For initialism generation system and the method for work thereof of naming

Technical field:

The present invention relates to a kind of name generation system and method for work thereof, relate in particular to initialism generation system and method for work thereof for naming, it provides the initialism being consistent with the meaning of character string own for a character string being comprised of a plurality of words.

Background technology:

Initialism generation technique is an Auto creative, simulating human thinking is analyzed character string.Because every profession and trade, each field all need to make widely known good brand, so get the sound of reading aloud name suitable for reading and embodiment Professional Characteristics, just seem particularly important.So build one, for the initialism generation system of naming, in every profession and trade, each field, all there are huge application potential and bright prospects.

On internet, existing initialism generates and initialism inquiry system at present, and its naming rule adopts initial coupling substantially, and the first letter that extracts all words in this character string forms abbreviation name.But, how to generate the initialism relevant to character string meaning, not yet there is feasible solution.The mode that some initialism generation systems are voted by user sorts for the initialism generating, but because this mode of ballot needs user's cooperation, in the less character string of inquiry times, show and unsatisfactory.And the user's request of considering different field is different, the performance that the initialism that ballot mode generates is expressed aspect semantic at initialism is not fully up to expectations.

At the existing initialism generation system for naming, we utilize Computer Analysis to go out the semanteme of character string, by relevant matches rule, construct the initialism of close semanteme with it.By the such combination of inquiry background data base inspection, whether form word, if do not form word, add therein or delete some letters to reach the object that generates initialism.

Summary of the invention:

The invention provides a kind of initialism generation system and method for work thereof for naming, it enables to generate by changing existing initialism generation system the initialism matching with former character string semanteme.

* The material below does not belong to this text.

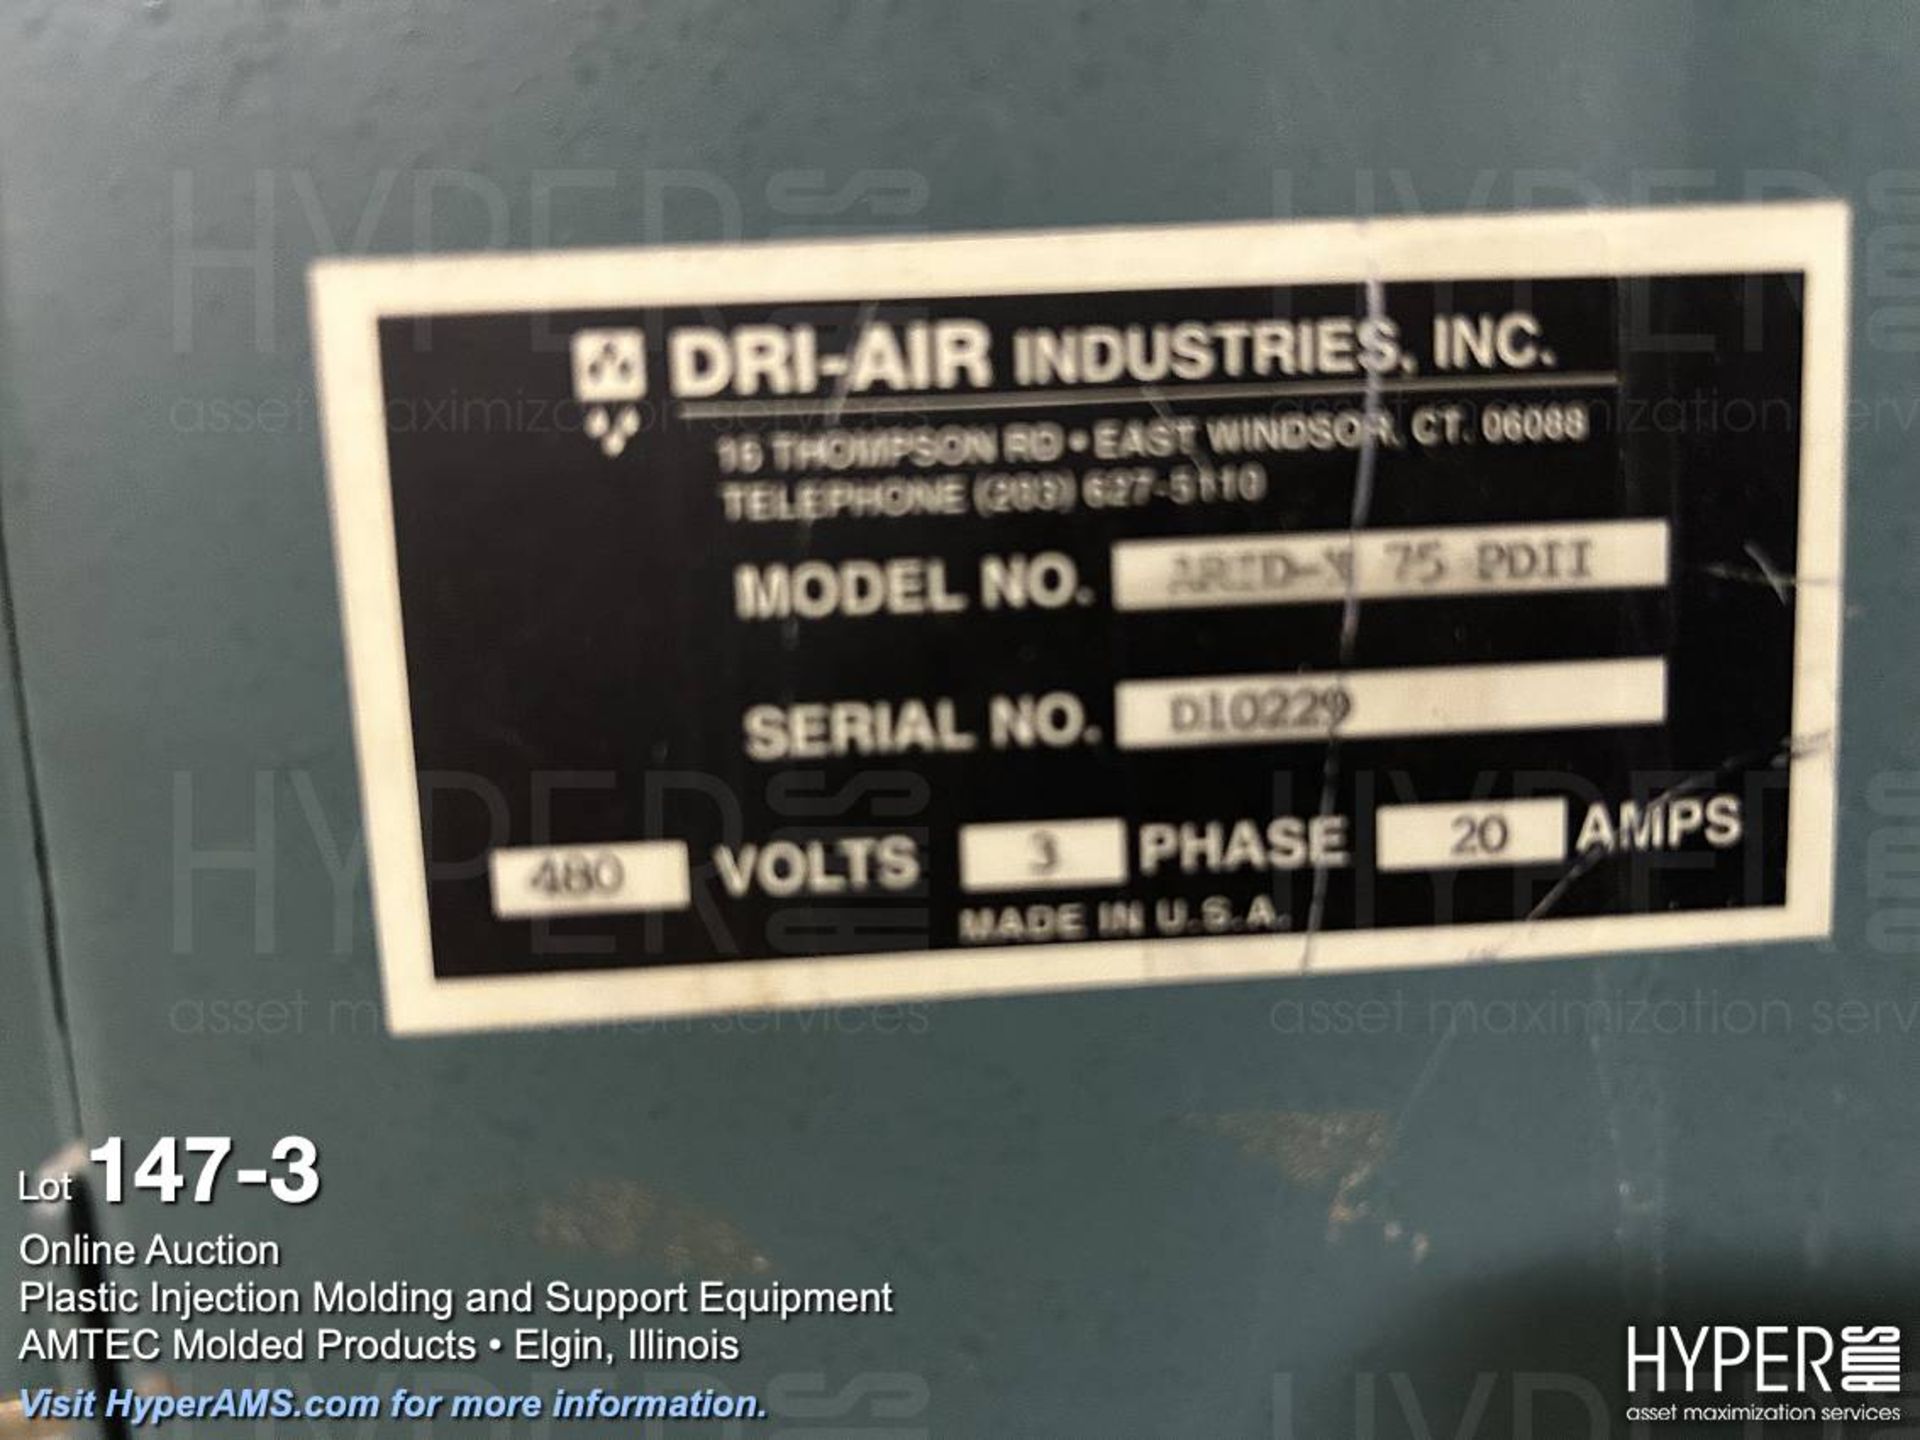 Dri-Air ARID-X 75 PDII dryer - Image 3 of 6

The present invention adopts following technical scheme: a kind of initialism generation system for naming, and this system comprises the input and output page and background support service platform; Wherein, the input and output page is for inputting long character string and the initialism of output for naming of initialism to be generated; Background support service platform comprises:

Taxonomy database, taxonomy database is used back-office support program to set up, in taxonomy database, store the data of the classification tendency that calculates each word, under searching the statement of user's input, classify, and mate required initialism for the database under corresponding classification;

Initialism generation system, analyzes the semantic and affiliated classification of prototype statement, thereby in the subsequence of statement character string, finds out the initialism of semantic matches and provide sequence according to semantic degree of correlation by inquiry taxonomy database;

Commending system, initialism is not all under match condition, can judge the semanteme of read statement, and on the basis that does not affect statement semantics, revise the order of word in some word in statement or transposing statement, mate with word in taxonomy database again, make it to produce the initialism of coupling, and recommend user.

The present invention also adopts following technical scheme: a kind of method of work for the initialism generation system named, it comprises the steps:

1). input the long character string of initialism to be generated, and confirm to generate;

2). according to the long character string of above-mentioned input, extract each word in character string, and mate and calculate successively the type of each word with the word in taxonomy database;

3). judge the type that this character string belongs to, then preserve lower the type;

4). analyze and in long character string, have the initial of sincere word as fixing letter, and keep on this basis the former order of character and insert other letter in long character string, find out all possible initialism, and successively with step 3) in word in the corresponding database of type that finds out mate, if the match is successful, as candidate's initialism, preserve;

5). be the degree of correlation sequence by type of all candidate's initialisms, type degree of correlation is obtained in types of database;

6). in initialism output box, show sequence initialism afterwards, go to step 7), if cannot generate the initialism of correlation type, go to step 8);

7). carry out homing action, prepare initialism next time and generate;

8). enter initialism commending system, do not change statement semantics statement is modified, generate initialism, and the statement of revising is fed back to user.

The present invention has following beneficial effect:

(1) the present invention goes out the classification of input of character string by the classified calculating of word, mates each subsequence of input of character string under this classification, thereby reaches the semantic object close with input of character string of initialism;

(2) the present invention compares with existing initialism generation system, and it can improve the degree of correlation that generates name initialism and prototype statement greatly.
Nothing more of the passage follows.